La IA puede predecir el riesgo de cáncer de mama con precisión
El cáncer de mama sigue siendo una de las principales causas de mortalidad entre las mujeres en todo el mundo. Según la Organización Mundial de la Salud (OMS), en 2022 se diagnosticaron 2,3 millones de nuevos casos de cáncer de mama y se registraron 670,000 muertes por esta enfermedad. En Francia, el cáncer de mama es el tipo de tumor más común entre las mujeres, con más de 60,000 nuevos diagnósticos cada año y siendo la principal causa de muerte prematura.
Dada la gravedad de esta enfermedad, los investigadores de todo el mundo se han enfocado en encontrar formas de mejorar el diagnóstico precoz y la calidad de vida de las pacientes. Una reciente investigación realizada por la Universidad de Copenhague (Dinamarca) ha arrojado luz sobre cómo la inteligencia artificial (IA) podría ayudar a evaluar con mayor precisión el riesgo de desarrollar cáncer de mama.
Células senescentes y riesgo de cáncer
Uno de los principales aspectos de la evaluación del riesgo de cáncer de mama es la detección de células «zombies» o senescentes. Estas células aún están metabólicamente activas, pero han dejado de dividirse. Investigaciones previas han demostrado que este estado celular puede tanto inhibir el desarrollo del cáncer como contribuir a la inflamación y, por lo tanto, al crecimiento tumoral.

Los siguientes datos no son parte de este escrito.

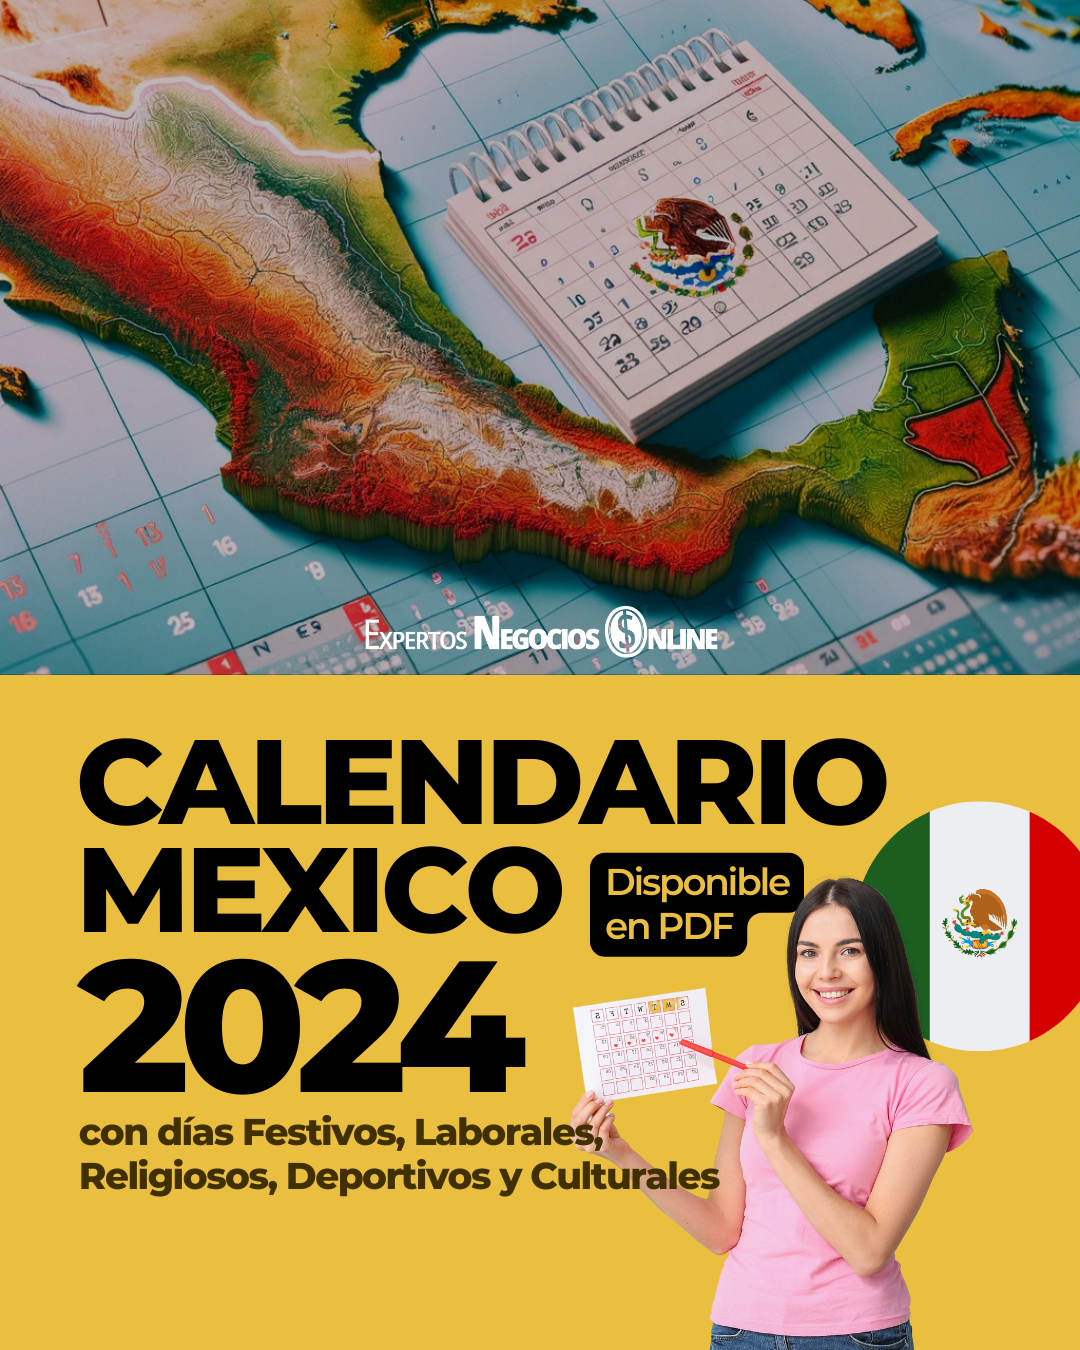 Calendario marketing Mexico 2024 | Feriados y Fechas importantes

Los investigadores de la Universidad de Copenhague entrenaron un algoritmo de aprendizaje profundo de IA para identificar estas células senescentes. Primero, expusieron células cultivadas en laboratorio a daños intencionales para inducir la senescencia y luego utilizaron el algoritmo para analizar biopsias de donantes en busca de células dañadas.
La IA supera al modelo Gail
Según Indra Heckenbach, primera autora del estudio, el algoritmo de IA demostró ser más preciso que el modelo Gail, que es el estándar actual para evaluar el riesgo de cáncer de mama. De hecho, al combinar dos modelos de IA propios o uno de los modelos de IA con el puntaje de Gail, se obtuvo un odds ratio de 4,70, lo que significa que los donantes tenían casi cinco veces más probabilidades de desarrollar cáncer de mama en los próximos años.
Aplicaciones clínicas futuras
Aunque aún faltan varios años para que esta tecnología esté disponible en entornos clínicos, los investigadores están entusiasmados con su potencial. Una vez implementada, podrá utilizarse a nivel mundial, ya que solo requiere imágenes estándar de muestras de tejido.
El profesor asociado Morten Scheibye-Knudsen, autor principal del estudio, explica que esta herramienta permitirá a los médicos clasificar a los pacientes según su riesgo y mejorar los protocolos de detección y tratamiento. Las personas con alto riesgo podrían someterse a mamografías y biopsias más frecuentes, lo que facilitaría la detección precoz del cáncer. Al mismo tiempo, se podría reducir la carga para aquellos con bajo riesgo, realizando menos biopsias innecesarias.
Avances prometedores en el tratamiento del cáncer de mama
Además de los avances en la predicción del riesgo, también se han reportado progresos en el tratamiento del cáncer de mama. Investigadores franceses han anunciado resultados alentadores sobre la posibilidad de reducir el tratamiento de radioterapia recomendado actualmente para el cáncer de mama locorregional (extendido al seno y a los ganglios cercanos) de cinco a solo tres semanas.
La investigación realizada por la Universidad de Copenhague demuestra que la inteligencia artificial puede desempeñar un papel crucial en la evaluación del riesgo de cáncer de mama, superando a los métodos tradicionales. Esta tecnología tiene el potencial de mejorar significativamente los protocolos de detección y tratamiento, lo que podría cambiar la vida de millones de mujeres en todo el mundo. Junto con los avances en la reducción de la duración de la radioterapia, estos hallazgos ofrecen esperanza y un futuro más prometedor para las pacientes con cáncer de mama.
Este artículo fue elaborado con el apoyo de una herramienta de inteligencia artificial. Posteriormente, fue objeto de una revisión exhaustiva por parte de un periodista profesional y un redactor jefe, garantizando así su exactitud, su pertinencia y su conformidad con los estándares editoriales.